At international level, he was capped twice by Trinidad and Tobago.

==Club career==
===Liverpool===
Tony Warner began his career at Liverpool in 1994. He never played a first team game, but made 120 appearances on the bench and earned the nickname Tony Bonus due to receiving many win bonuses. Warner had a spell on loan at Swindon Town in 1997. The following year he had a brief spell on loan at Celtic due to injuries to both of their first-team goalkeepers Jonathan Gould and Stewart Kerr. He made his debut for Celtic on 14 November 1998 in a 2–1 defeat away against St Johnstone. A week later he kept goal in Celtic's 5–1 win over Rangers at Parkhead, and made his final appearance on 28 November in a 2–0 win over Motherwell. Warner returned to Liverpool, but headed back north to Scotland in March 1999 for a two-week trial with Hibernian. After his fortnight at Hibs, he instead joined Aberdeen on loan. He played six games for The Dons in April and May 1999.

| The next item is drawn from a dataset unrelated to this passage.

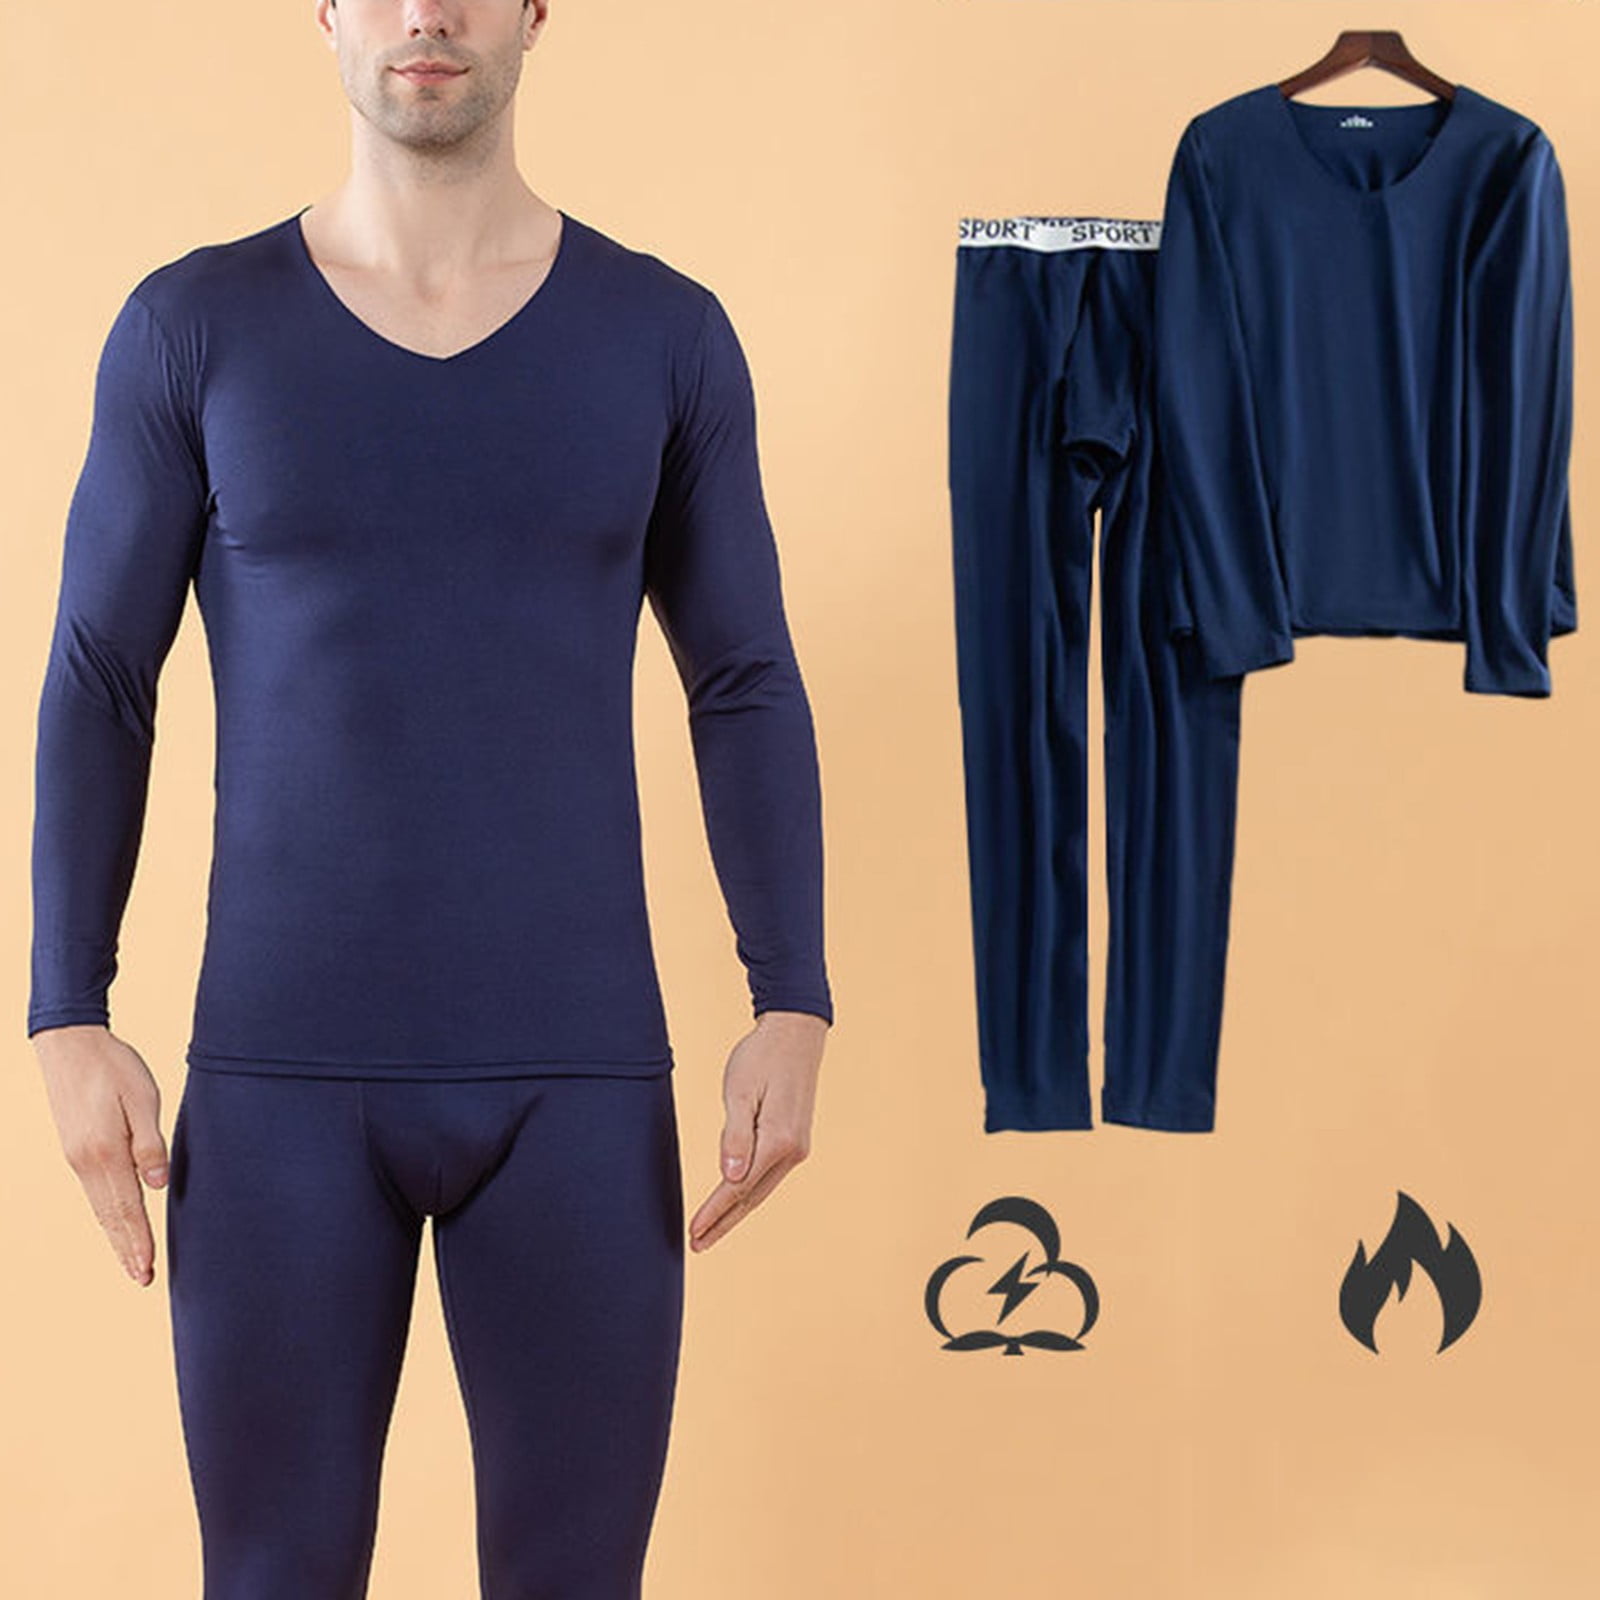 ZheElen Man Thermal Underwear Elastic Autumn Winter Home Office School  Outdoor Sleep Warm Tops Bottom Clothes Pant Suit for Male Red L Dark Blue  XXXL

His career at Anfield never really took off and he found himself playing as the permanent understudy to David James in his earlier years with the club, but by the time of his departure he was the club's third choice keeper following the signing of Brad Friedel as the new second choice shot stopper.

===Millwall===

He moved to Millwall on a free transfer in July 1999. Warner made his competitive debut on 7 August in a 1–1 draw away against Cardiff. Millwall finished fifth in Division Two in 2000, but finished top the following season and won promotion to what is now known as the Championship. Warner earned the nickname "Denzil", because he looked and sounded like the character Denzil from the television sitcom Only Fools and Horses. He became a firm fan favourite which, combined with his prolific penalty saves, earned him his own chant from the Lions fans of, "Denzil, Denzil what's the score? Denzil, what's the score?" Warner was voted Player of the Year 2002–03 by the Millwall fans. Despite being injured and unable to appear for Millwall in the FA Cup final, manager Dennis Wise insisted that he be presented with a medal.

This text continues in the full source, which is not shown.